▸ Stored data
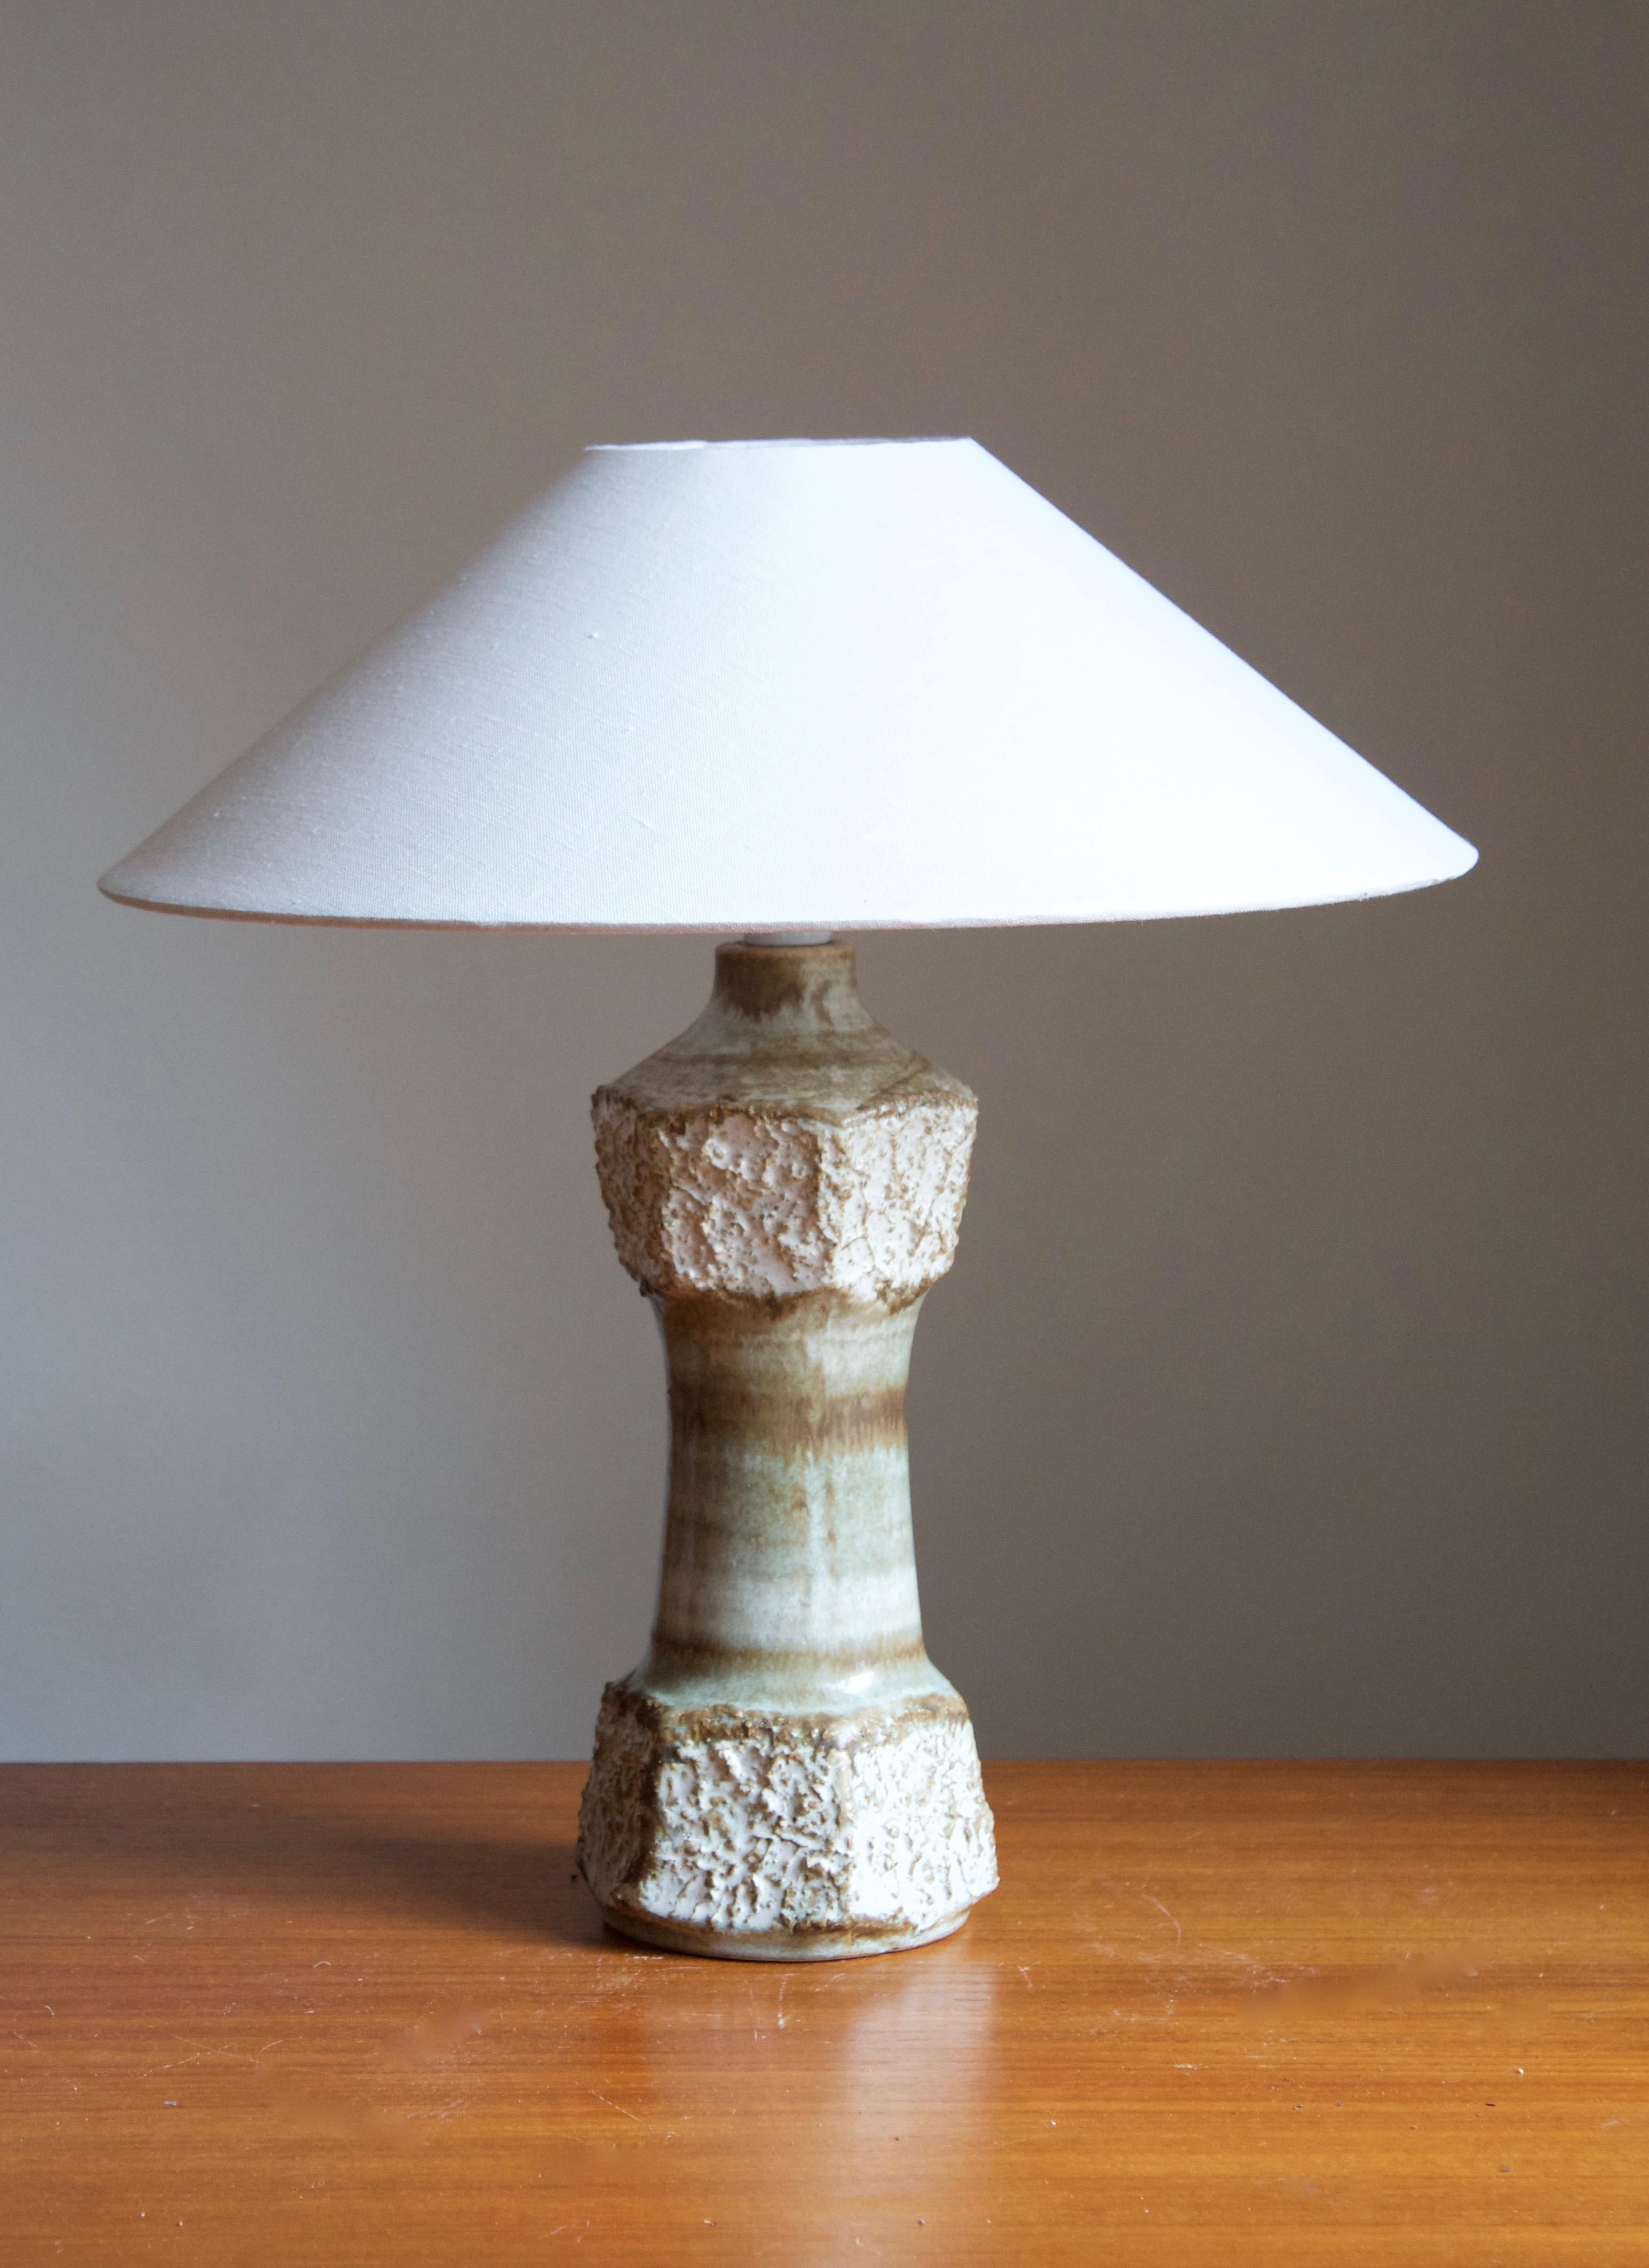 Une lampe de table en grès, exécutée par Bruno Karlsson. Dans son studio, appelé 
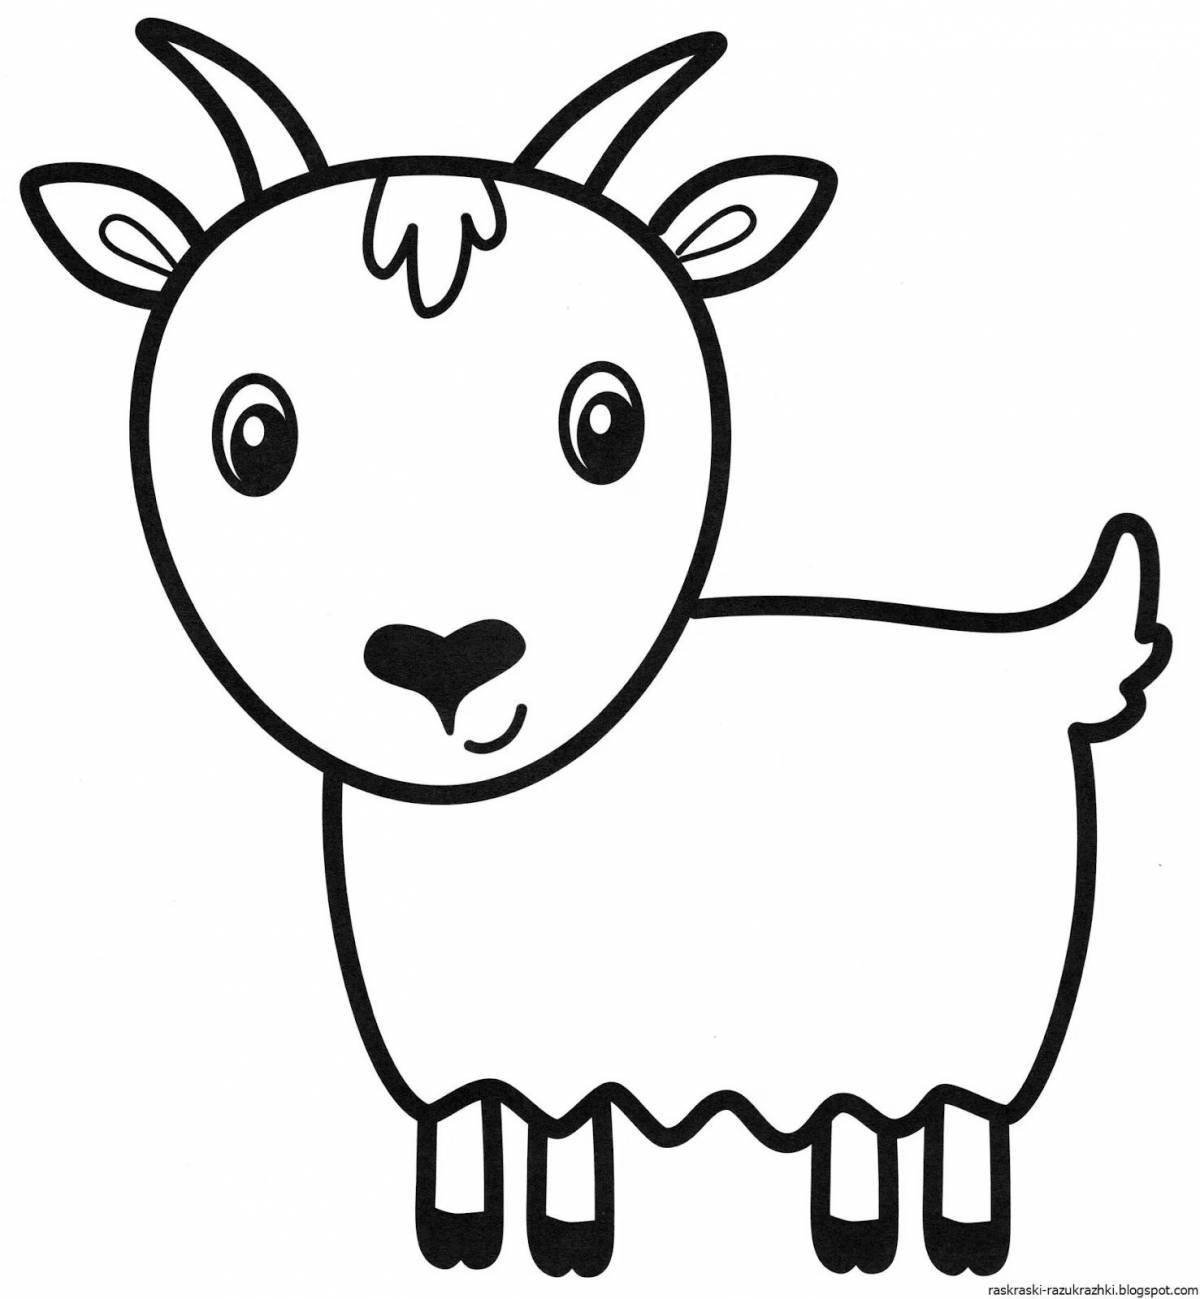 Красочная страница раскраски коз для детей
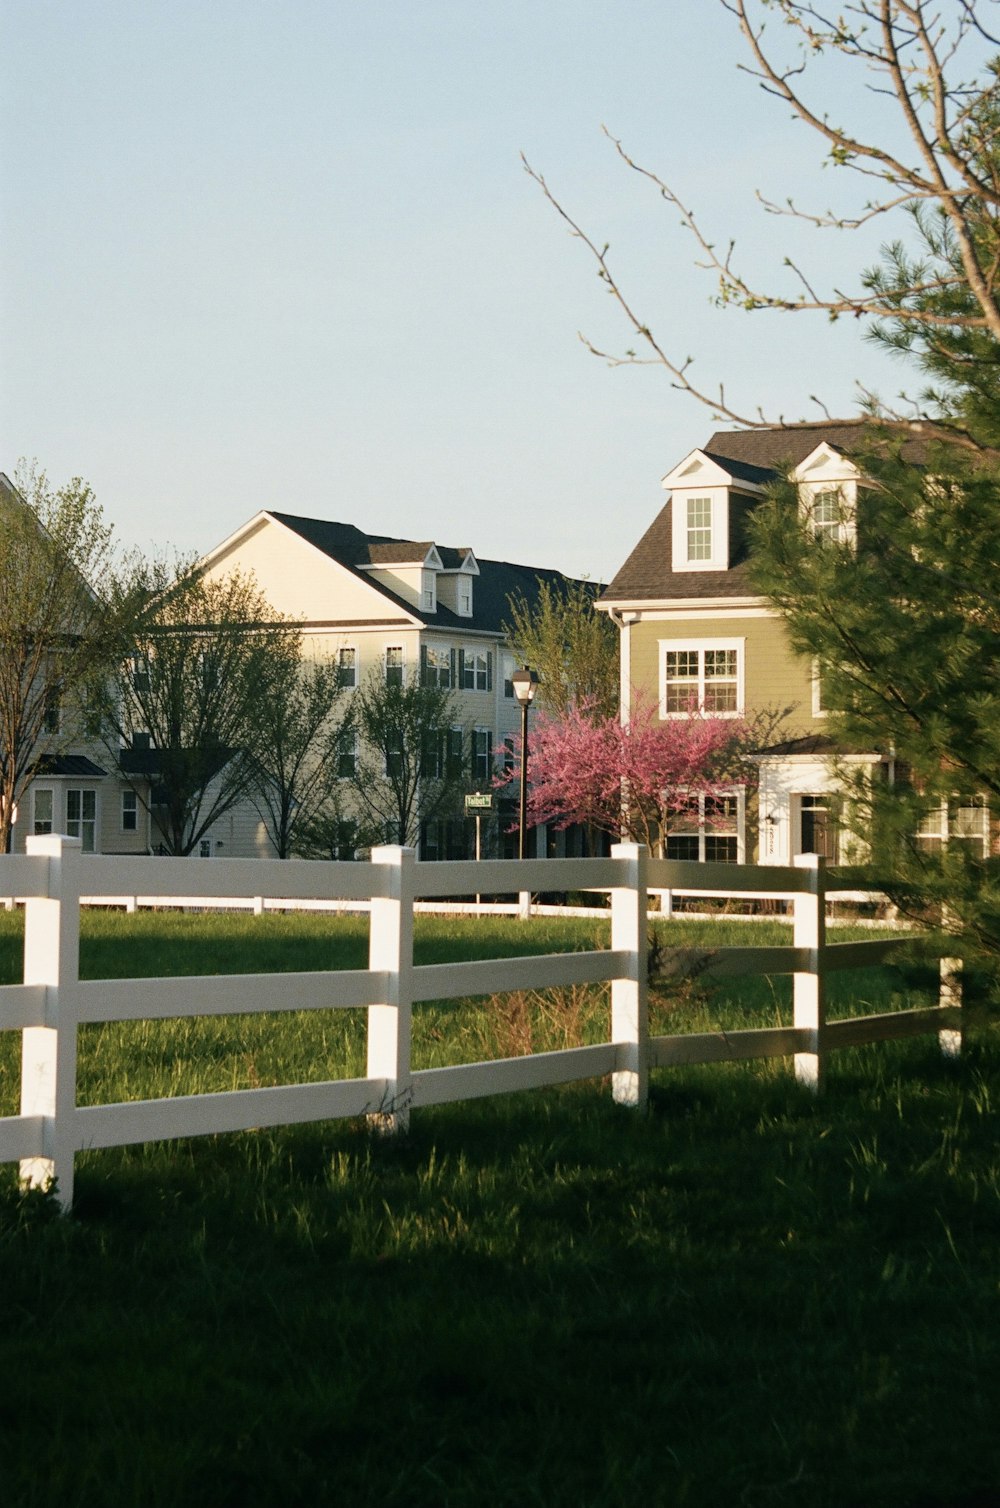 Casa de concreto marrom e branca perto do campo de grama verde durante o dia

▸ What you have to do
Please copy out the material above exactly, with the images removed.

▸ Task solution
 Une lampe de table en grès, exécutée par Bruno Karlsson. Dans son studio, appelé 
 Красочная страница раскраски коз для детей
 Casa de concreto marrom e branca perto do campo de grama verde durante o dia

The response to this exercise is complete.